No date (Naoroji’s reply dated 7 April 1903)

Rajaram B. Panvalkar to Dadabhai Naoroji

Anerley Park, London

R-13 (1)

Six handwritten pages

Original: Laminated. Difficult to read due to lamination and ink bleeding through paper.

The following letter was written at Naoroji’s Anerley Park residence, on Naoroji’s stationery. As the author himself indicates, it was written ‘in haste & in mental uneasiness;’ hence, the numerous spelling and grammatical errors, which have all been left intact.

[DN:] repld 7/4/1903

Washington House,

72, Anerley Park,

London. S.E.

Dear Sir

I think you remember to have met Pundit Jwalanath Sharma [(]B.A. B.L. of Calcutta) some months back. He was staying at 50 Kenilworth Road, Kilburn N.W.) [sic].

I am sorry to tell that he is dead; and I wanted to consult you about his funeral; he has some 60£. in the bank (Thomas Cook & Sons). He was a Brahmin and belonged to the Nagari class. I wish to give him a descent creamation [sic] & I hope you will join me in that.

I dare say you know me. I am a member of the London Indian Society. I am a man of no means, therefore I can’t take the matter in my hand. The Police have removed the body to their quarters and tomorrow there will be the coroner’s inquest. The Police have also cabled to his wife in Calcutta through Thomas Cook & Sons) [sic]. I am a Maratha Brahmin. I wish to do my best to help in the matter. The police have his bank acc. book; but if you will be kind enough to forward me me [sic] some advice as to what should be done I shall be highly obliged to you.
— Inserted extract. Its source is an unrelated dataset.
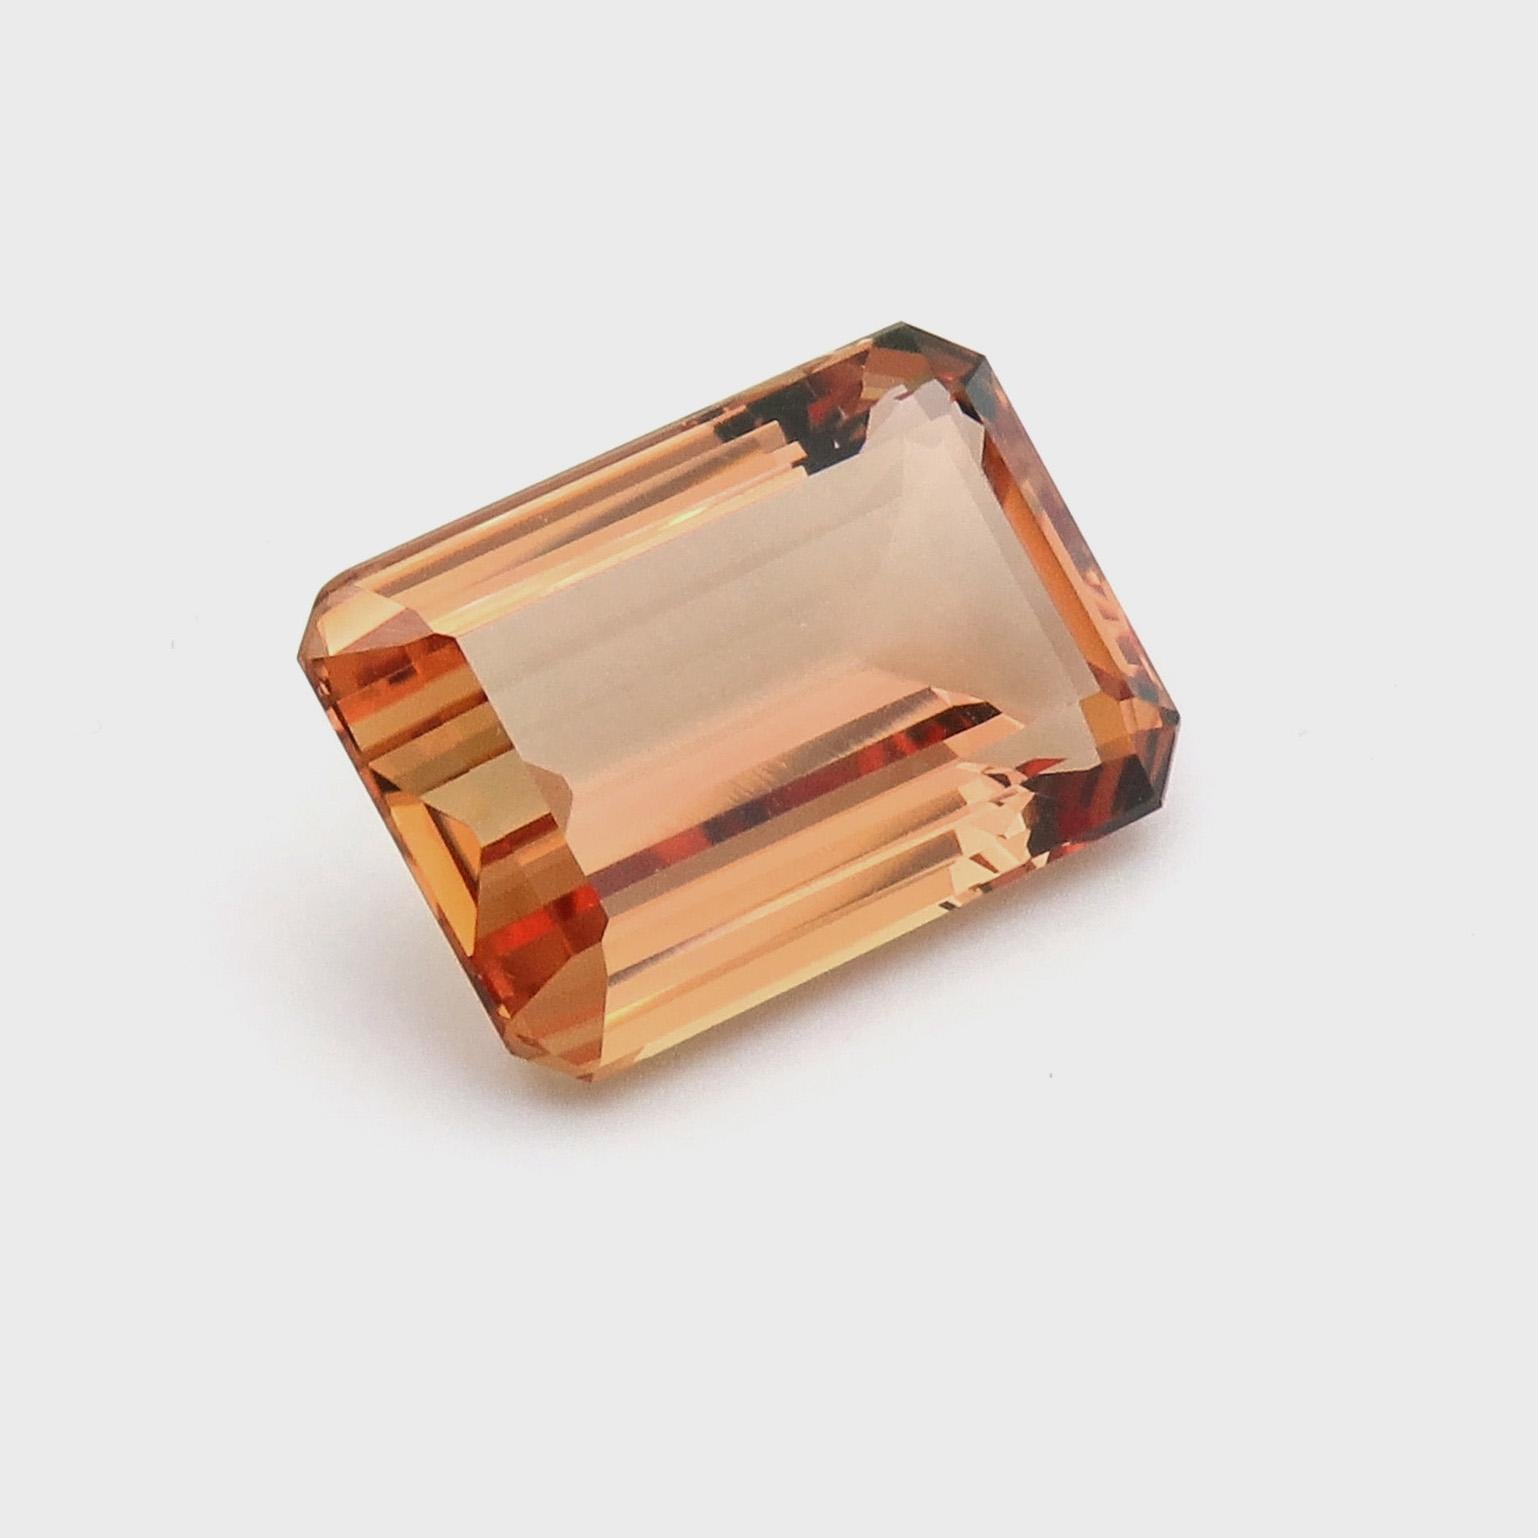 28.37ct Imperial precious Topaz. This GIA certified natural gemstone is unique in its color, orange/pink and is one of the most desirable precious topaz colors. Orange is the main color with a rare pink overtone.  From our research, this may be the

The undertaker says he must make a coffin for him—& a special permission for creamation should be issue[d]—or granted.

I am sorry you were not home—hoping to know from [you] immediately tomorrow morning and with kindly regards.

I am writing in haste & in mental uneasiness

Yours sincerely

Rajaram [B. Panvalkar]

If you could conveniently do so, I shall be pleased to see you at his funeral.

I am poor and so could not do anything for him in the matter of money.


Please write without fail—

Hon. Dadabhai Nawaroji

9 April 1903

Rajaram B. Panvalkar to Dadabhai Naoroji

Kilburn, London


Two handwritten pages

Original: fair

[DN:] Repd 10/4/1903


41 Hopefield Avenue,

Kilburn, N.W.


Dear Sir,

The coroner’s inquest took place yesterday forenoon at 11.35 A.M. The doctors verdict was that he died of “heart disease accelerated by opium eating”. We have arranged to cremate him on Saturday morning at 11 A.M. at the Crematorium Golders Green, Finchley. The funeral procession will start from 73, Victoria Road Kilburn N.W. (where he died) at 10 A.M. sharp.

I shall be pleased to see you among us that time if this time is not inconvenient to you.

From Victoria sta.—red buses come straight to Kilburn.